Being transgender is no longer classified as mental illness, says World Health Organization
The move, that has now removed its 'gender identity disorder' from the WHO manual, will have a 'liberating effect' on the transgender community all over the world, Graeme Reid, LGBT rights director at Human Rights Watch said.
In a giant move by the World Health Organization, on Friday, May 25, the World Health Assembly passed legislation that will no longer categorize being transgender as a mental health condition. The governing body represents 194 states. The move, that has now removed its "gender identity disorder" from the WHO manual, will have a "liberating effect" on the transgender community all over the world, Graeme Reid, LGBT rights director at Human Rights Watch said.
"Governments should swiftly reform national medical systems and laws that require this now officially outdated diagnosis," he said, "Transgender people are fighting stigma and discrimination that can be traced in part to medical systems that have historically diagnosed expressions of gender non-conformity as a mental pathology. But it’s the stigma, discrimination, and bullying—and not anything inherent in gender nonconformity—that can inflict mental health problems in transgender people."
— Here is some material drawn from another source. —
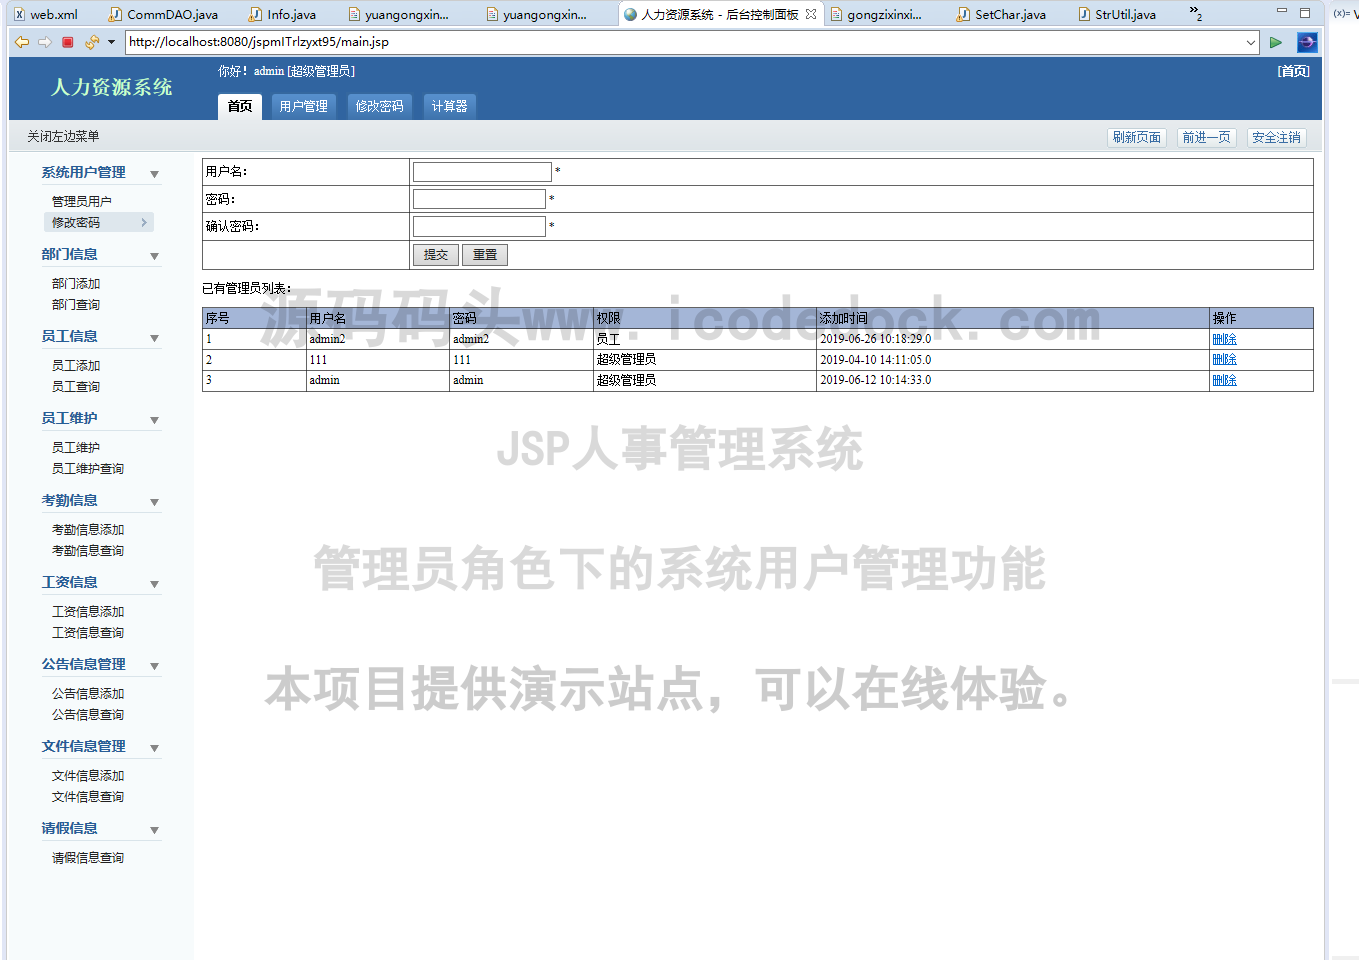 源码码头-JSP人事管理系统-管理员角色-系统用户管理
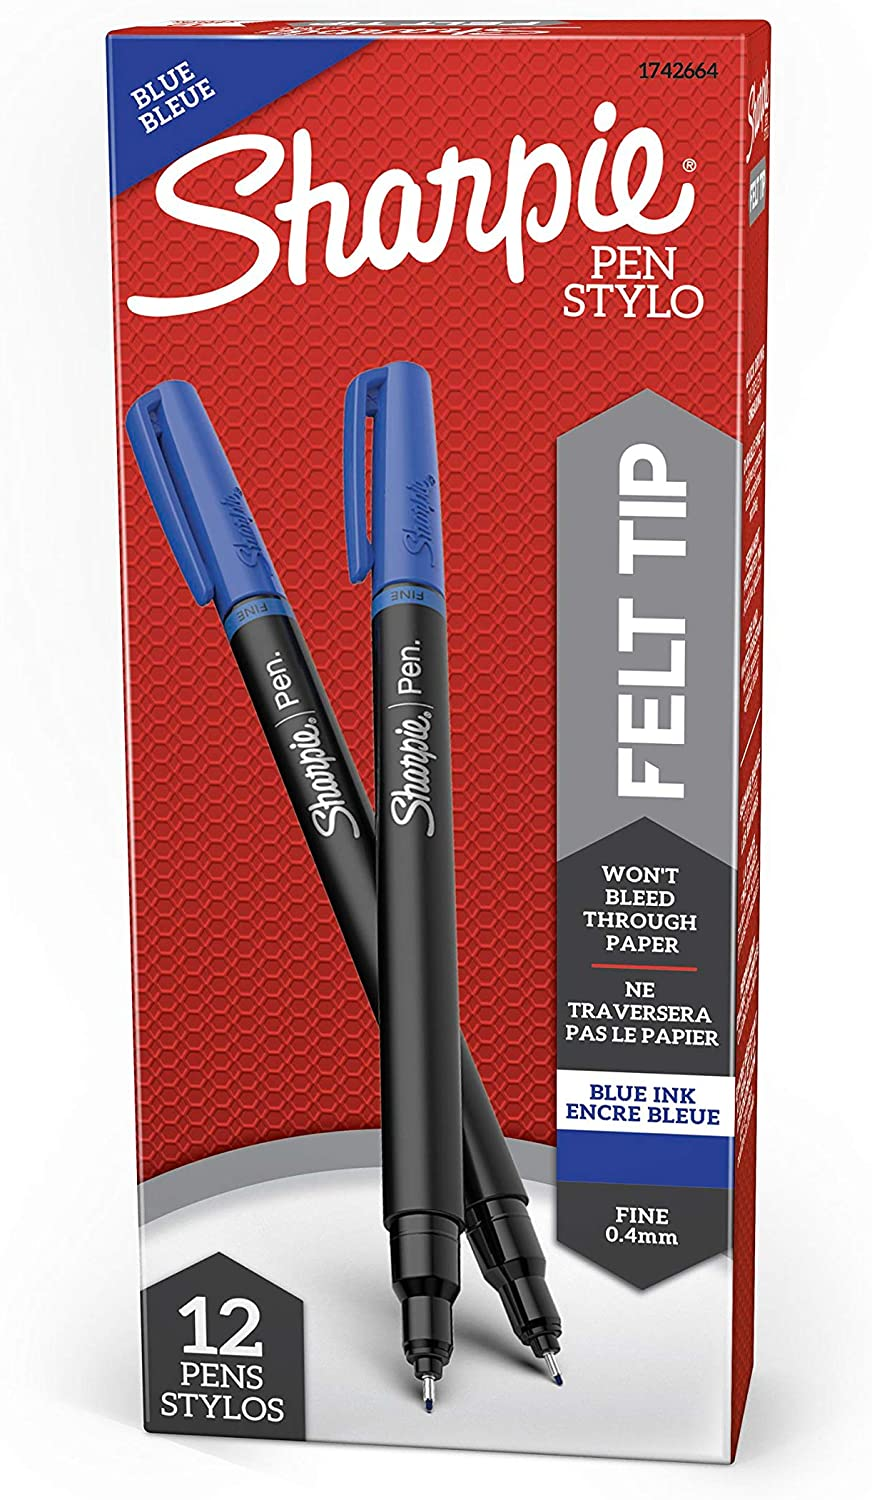 Sharpie pen

This is the first update since being a transgender was diagnosed as an illness 29 years ago. WHO member states adopted the new edition of the International Classification of Diseases during an annual assembly in Geneva on Saturday, which calls the previous "gender identity disorder" as "gender incongruence" that has been removed from the list of mental disorders. It is an attempt to provide everyone with the dignity of life, they said.
Many states, mandate sex reassignment surgery in order for a trans person's gender identity to be legally recognized. This has been criticized as forcible sterilization by activists. There's also a transgender military ban in the US.